On March 13, 2025, the US Senate Banking Committee passed the Guiding and Establishing National Innovation for US Stablecoins Act of 2025 or “GENIUS Act,” out of committee by a vote of 18-6.
The legislation would establish for the first time a comprehensive regulatory framework for the issuance and regulation of payment stablecoins in the United States. Due to the strong bipartisan vote the bill received in committee, the bill is well positioned to be approved by the full Senate. Further, US House Financial Services Committee Chair French Hill (R-AR) has already signaled his intention to move forward with a similar proposal, the STABLE Act, and President Donald Trump has indicated he wants to sign payment stablecoin legislation. Accordingly, payment stablecoin legislation is poised to be enacted into law later this year.

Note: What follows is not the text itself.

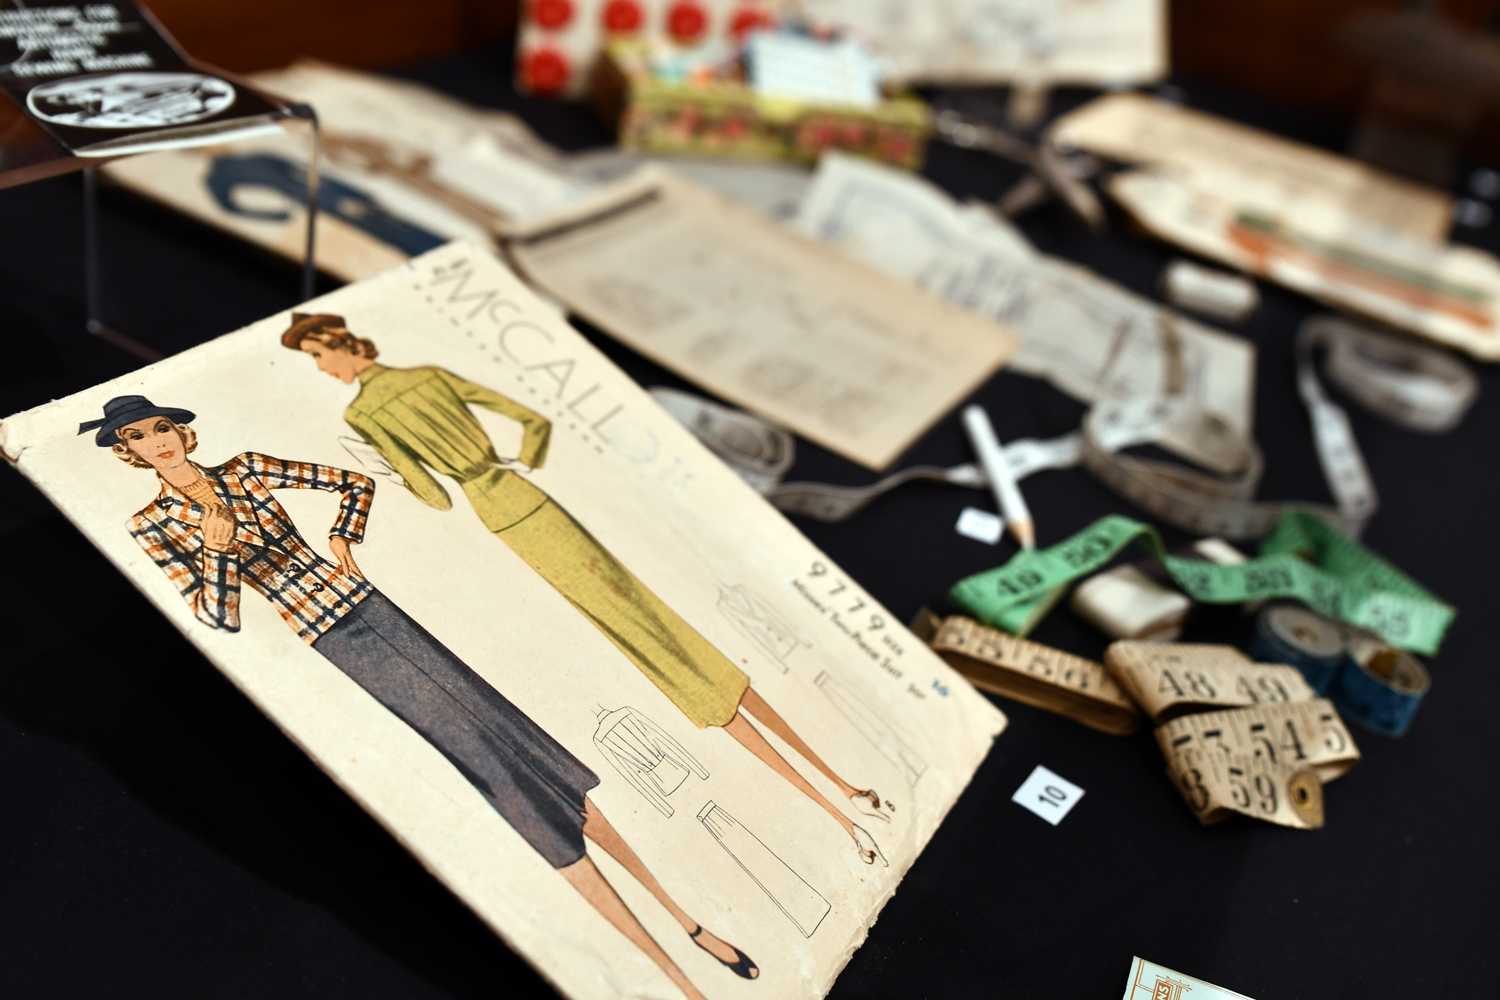 Museum dressmaking exhibition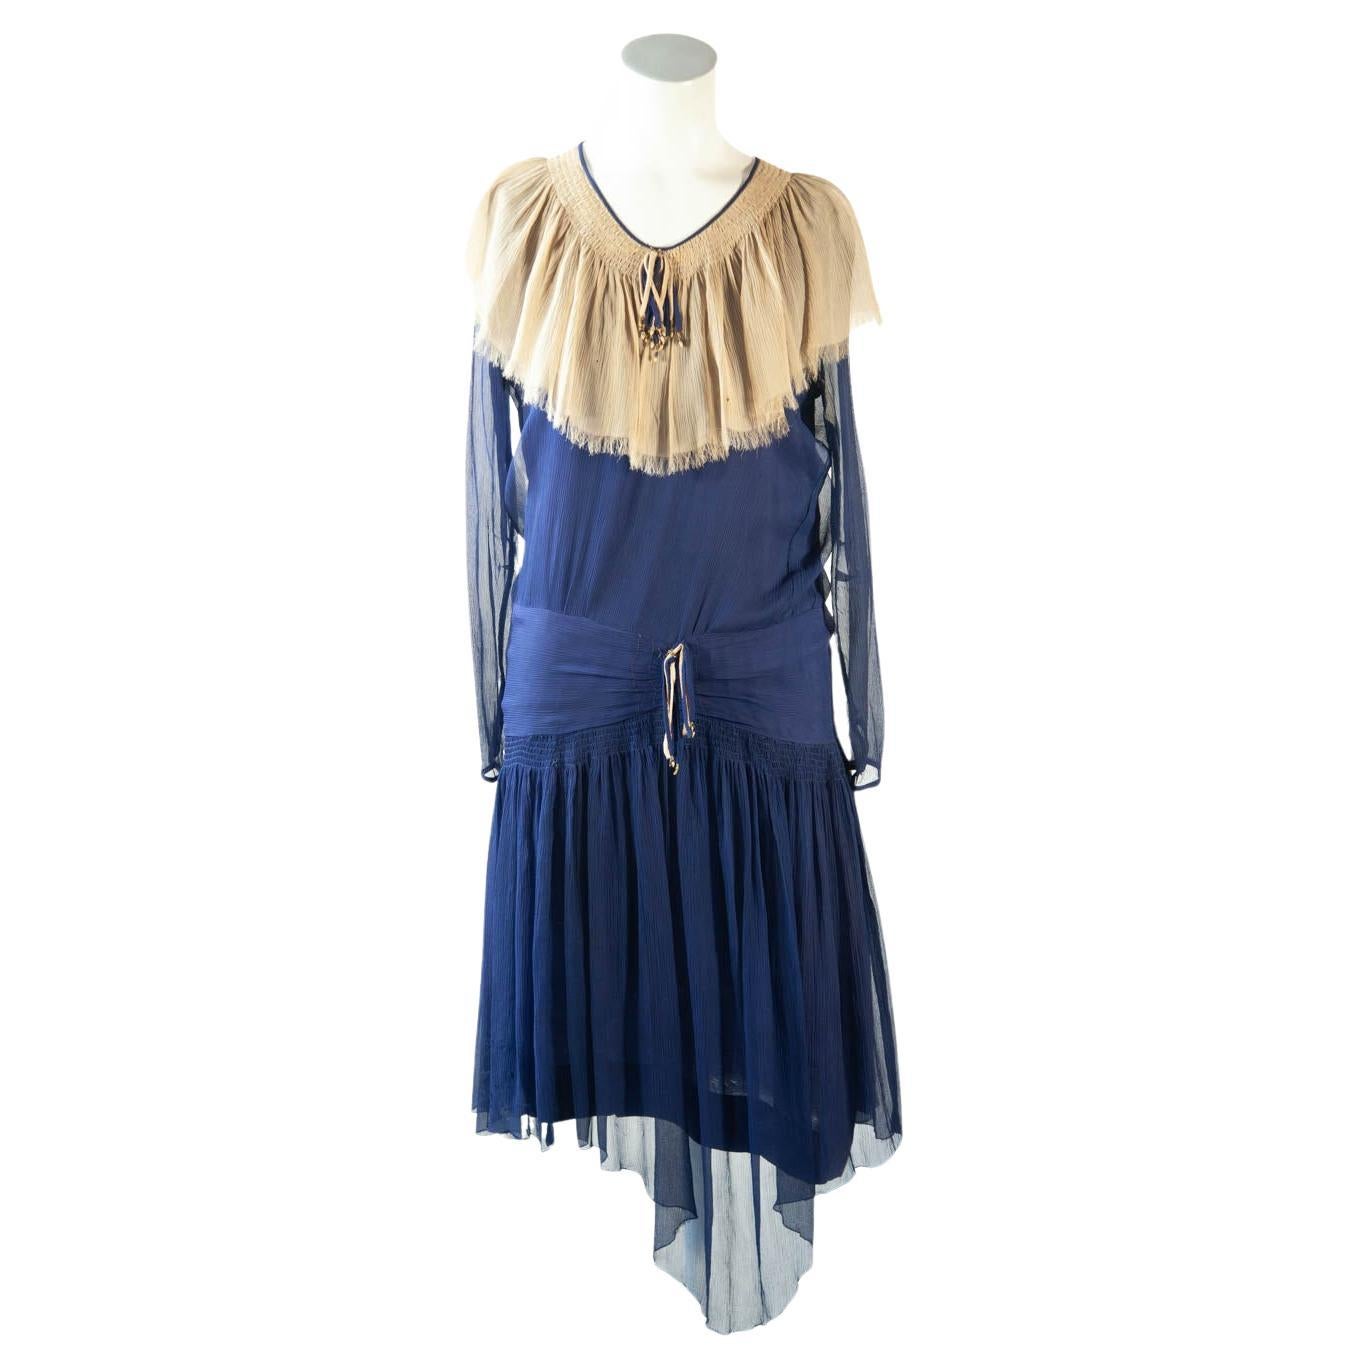 Very Vintage Original 1920s Silk Chiffon Blue Dress For Sale

In this Legal Update, we answer key questions about the GENIUS Act.
The GENIUS Act would define a payment stablecoin as a digital asset that is or is designed to be used as a means of payment or settlement if: (i) the issuer is obligated to convert, redeem, or repurchase for a fixed amount of monetary value; (ii) it will maintain a stable value relative to the value of a fixed amount of monetary value; and (iii) it is not a national currency, bank deposit, interest-bearing instrument, or a security under federal securities laws (other than by virtue of being a bond, note, evidence of indebtedness, or investment contract).
To qualify as a permitted payment stablecoin issuers, a person would have to incorporate in the US and then be either:
The Act sets forth the terms by which federal banking regulators can approve a person to become a permitted payment stablecoin issuer. These include that the applicant demonstrates its financial condition and appropriate resources, provides background information on officers, directors and principal shareholders, and satisfies any other relevant safety and soundness factors established by the federal banking regulators.
A federal regulator would have no more than 120 days to issue a decision on an application and could deny an application if it determined that the activities of the applicant would be unsafe or unsound based on its ability to satisfy the prudential requirements discussed below.
The issuance of payment stablecoins in the US would be restricted to the three types of permitted payment stablecoin issuers indicated above. Although a payment stablecoin that is not issued by a permitted payment stablecoin issuer still could be owned and sold in the US, the GENIUS Act would prohibit it from being treated as cash or a cash equivalent for accounting, securities margin, or derivatives purposes, or used as a settlement asset for wholesale payments between banking organizations or by payment infrastructure for settlement among banking organizations. These limitations will create strong incentive for payment stablecoin issuers to become permitted payment stablecoin issuers in the United States. However, even an unlicensed, non-US payment stablecoin issuer must comply with a US court order or agency action. Such orders and actions could direct the non-US issuer to seize, freeze, burn, or prevent the transfer of a payment stablecoin.
Further, under the GENIUS Act, the Treasury Department may determine that a non-US issuer (that is not a permitted payment stablecoin issuer) of any payment stablecoins trading in the United States has failed to comply with a court order or agency action. If the foreign issuer does not come into compliance with the order or action, then the Secretary of the Treasury may issue a notice prohibiting digital asset service providers from facilitating secondary trading of the foreign issuer’s payment stablecoins in the United States. This would effectively block the non-US issuer from having US customers own or trade its payment stablecoins.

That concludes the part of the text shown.